As Forças Invisíveis – Parte 2

Série Plano Astral e Fenômenos Psíquicos: 1. O Plano Astral e o Hermetismo…

A maioria dos estudantes de ocultismo tem uma única meta em mente: o manejo das forças ocultas, invisíveis. Além disso, querem chegar de forma rápida e sem perigos a aquisição de tais “poderes”. Uns querem praticar viagens astrais, outros impor a sua vontade aos outros e há ainda os que desejam soltar bolas de fogo, curar doenças até então incuráveis ou ressuscitar os mortos através de algumas palavras. Podemos ainda acrescentar ao nosso Ocultismo atual as brigas acadêmicas, as invejas individuais, os pequenos golpes baixos íntimos, as verdades absolutas e inúmeras outras paixões que agitam este meio.

As forças invisíveis existem? Será que realmente o homem pode manejar as forças ocultas da natureza ou de sua própria constituição? O manejo ocorre de forma igual para todos os homens? Basicamente, neste segunda parte da série sobre o Plano Astral, é o que iremos buscar refletir e discutir.

Existe realmente uma força invisível? Pensemos bem. Estamos sobre a Terra. Ao nosso redor temos as árvores, os vegetais, os animais, a água, o solo, o ar, dentre diversas outras coisas. No céu, os astros se movem. O Sol passa através do Zodíaco, a Lua gira à nossa volta, os planetas também seguem seu curso no céu e vemos as constelações levantarem e descerem. A Terra gira em torno do Sol e este também, com sua comitiva de planetas, em torno do centro de nossa galáxia. Além disto, temos as forças físicas e os fenômenos químicos… Enfim, há lugar para uma força invisível no Universo?

O Ocultismo ensina que sim. Todos os seres contem  forças motrizes invisíveis aos olhos físicos  e apresentam outros caracteres além das forças visíveis e perceptíveis por manifestações sensoriais externas.

O Universo então pode ser visto, sob aparências físicas, como banhado por uma luz solar/estelar. Esse é o domínio da luz física, com seu cortejo de forças exteriores, simbolizado pelos antigos como “mundo de fogo”.

Quando o físico desaparece, o mundo apresenta uma espécie de luz interior, que anima todos os astros e todos os seres vivos; essa luz ainda não é conhecida pela ciência atual. Tudo o que podemos dizer é que essa luz constitui a essência da vida e dos sentimentos em todos os planos; é ela que estala repentinamente nas manifestações do amor entre todos os seres vivos. Esta força foi denominada pelos ocultistas da escola de Paracelso como luz astral.

Existe ainda uma terceira família de forças. São as força inteligentes e espirituais, encarregadas de individualizar cada ser, cada coisa, dando-lhe um número, um nome, um peso ou uma medida. É a força divina (embora todas as forças também o sejam), que chamaremos de luz verbal, cujo centro secreto é o Verbo. O Cristo foi sua manifestação em nossa humanidade.

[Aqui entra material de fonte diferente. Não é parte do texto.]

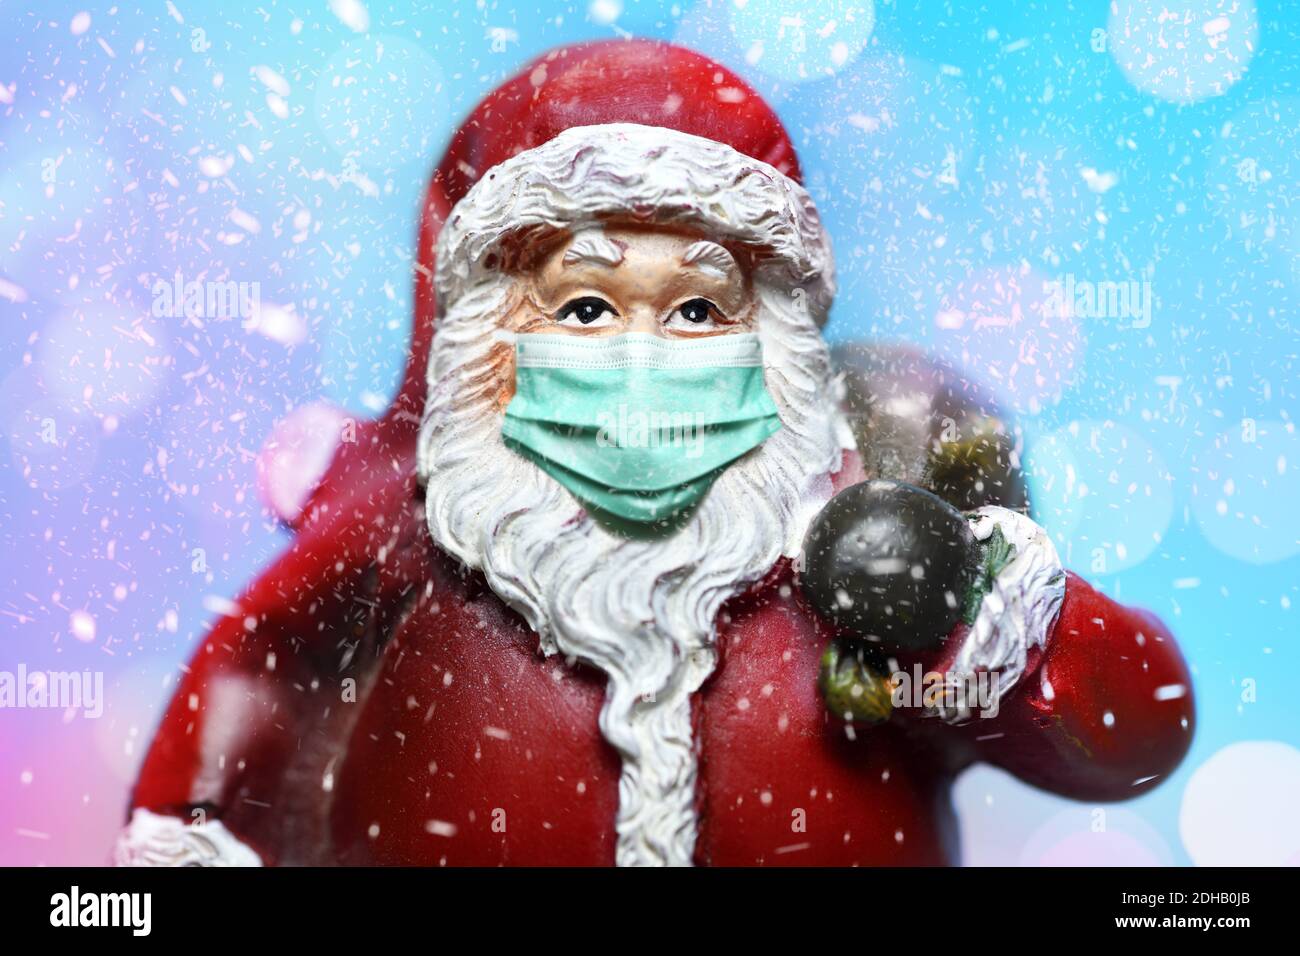 FOTOMONTAGE, Weihnachtsmann mit Schutzmaske, Weihnachtsfest zu Corona-Zeiten Stock Photo

As forças são, portanto, cada vez mais interiores. Podemos representá-la por meio de três círculos concêntricos. O círculo exterior é formado pelos mundos físicos com a luz física como mecanismo de ação, o “Lux” de São João. O segundo círculo, interior, é formado pelos mundos astrais, com seus meios de propulsão e manifestação vital, a “Vita” de São João. E, por fim, o terceiro círculo, o núcleo interior e verdadeiramente divino,o “Verbum” de São João.

Espero que tenham entendido que é dentro, e não fora, de cada ser que deve ser procuradas as forças realmente vivas e atuantes, e se existir no Universo um centro verdadeiramente único, é o Verbo, que será encontrado com seu simbolismo na cruz. Sendo assim, dando nomes aos bois, os fatos psíquicos são resultado do manejo da luz astral e a Teurgia (ou a união com o divino) é a consequência da submissão voluntária à ação da luz verbal.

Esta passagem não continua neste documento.